And (3) visualizing the enrichment analysis results of the three groups of differentially expressed proteins obtained by the STRING online tool. Enrichment analysis results for STRING were also visualized using the R language ggplot2 package. And comparing the visual result with the enrichment analysis visual results of the three groups of differentially expressed proteins which are not subjected to network construction, and checking the difference of the enrichment analysis results before and after the network construction. It was found that the results of the enrichment analysis are essentially identical both before and after the construction of the network.
And carrying out module division on the four constructed networks, and visualizing the divided results. And (3) performing module division on the four constructed networks respectively by using the autonomously developed R packet ne.PCA, namely performing priority analysis on edges and points in the four networks by using an algorithm in the R packet ne.PCA to identify a functional module. And then the Cytoscape is reused to visualize the result of module division, and since the network information directly extracted from STRING is too cumbersome, the network is reconstructed to simplify the result, and only useful information is displayed.
Screening important modules, which can be determined by the number of proteins contained in the module, the type of the proteins and the number of important proteins related to the action mechanism of FLASH researched from the literature. The specific screening process is as follows: first, it is considered important that the number of proteins contained in the module is large in terms of the number. However, because the number of the three groups of differential proteins in the constructed network is different, the number alone is not enough to select all the important modules, and the modules of the network partition constructed by the union of the three groups of differential expression proteins and the modules of the network partition constructed by the three groups of differential expression protein groups have certain similar parts, the important modules are determined by the number of the proteins in the different groups, which are contained in the modules of the network partition constructed by the union, so to speak. Some modules are not dominant in quantity, but contain important proteins relevant to the action mechanism of FLASH researched from the literature, and the module can be considered as an important module.
The number of the proteins contained in the modules determines the important modules of the network established by the union set of the FN group differential expression protein, the FC group differential expression protein and the CN group differential expression protein. The important modules of the FN group are modules numbered 1, 2, and 4, the important modules of the FC group are modules numbered 2 and 4, the important modules of the CN group are modules numbered 1, 2, and 3, and the important modules of the union group are modules numbered 2, 4, 9, and 17. The important modules of the network established by the union of the three groups of differentially expressed proteins were also determined by the type of protein contained in the modules, including modules numbered 12 and 23. The number of important modules contained in the module and researched from the literature and related to the action mechanism of FLASH also confirms that the important modules of the network established by the FN group differential expression protein comprise the module with the number of 6.
Key modules were analyzed for KEGG pathway enrichment and visualized. The KEGG path enrichment analysis is realized by a clusterProfiler program package in the R language, and the visualization of the enrichment analysis result is also realized by using a ggplot2 program package in the R language.
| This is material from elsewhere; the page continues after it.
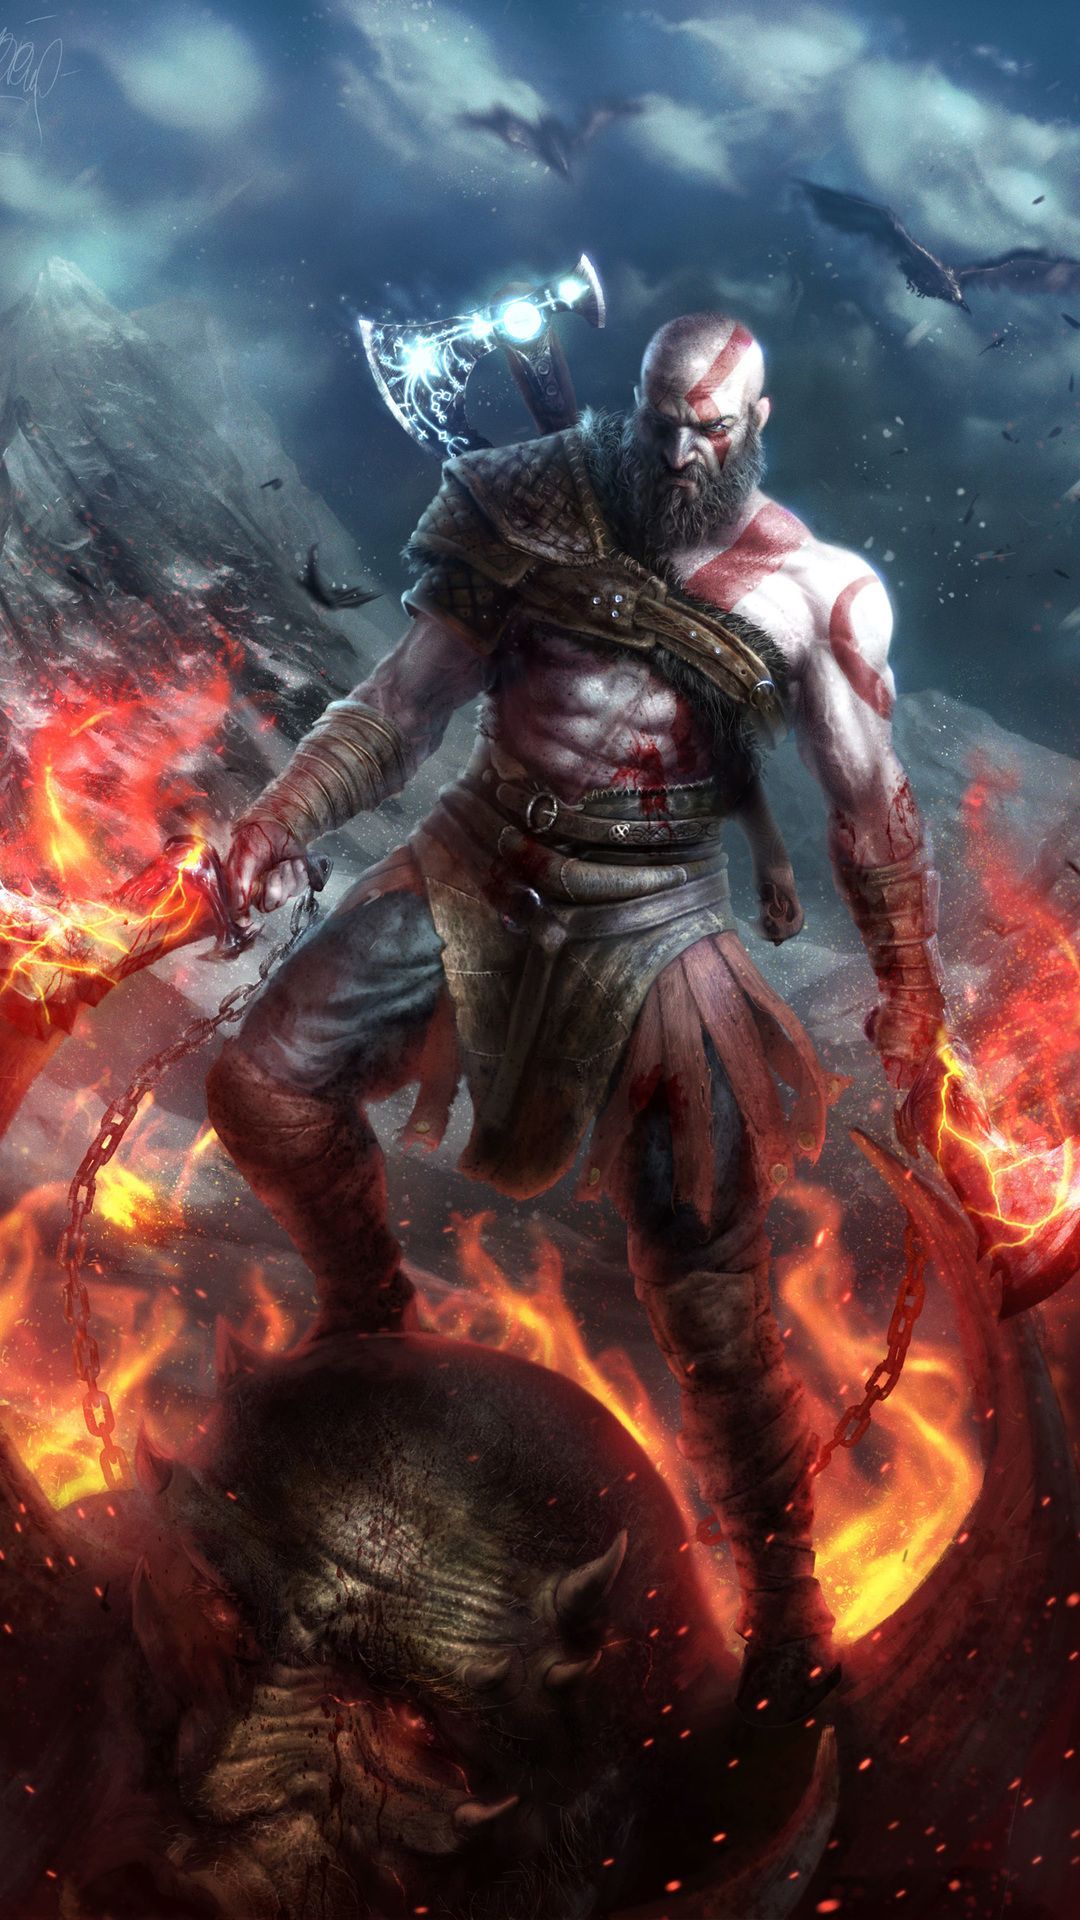 God of War Kratos Wallpaper by VishalKumar07 on DeviantArt

And respectively comparing the module division and the KEGG channel enrichment analysis results of the networks established by the three groups of differentially expressed proteins in a union set, and the module division and the KEGG channel enrichment analysis results of the networks established by the three groups of differentially expressed proteins in a separated manner to determine the functions of the important modules and screen out the important modules with the same functions in the important modules. The important modules with the same functions are finally determined to comprise: modules associated with DNA damage repair: FN group differential expression protein constructed network module 2 and three groups differential expression protein and integrated constructed network module 9; modules related to energy metabolism and neurodegenerative diseases (aging): a module 3 of a network built by CN group differential expression proteins and a module 12 of a network built by a union set of three groups of differential expression proteins; modules associated with heat shock proteins but of unknown function: FN group differential expression protein constructed network module 6 and three groups differential expression protein and integrated constructed network module 2; ribosome-associated but functionally unknown modules: CN group differential expression protein module 1 and three groups of differential expression protein modules 23.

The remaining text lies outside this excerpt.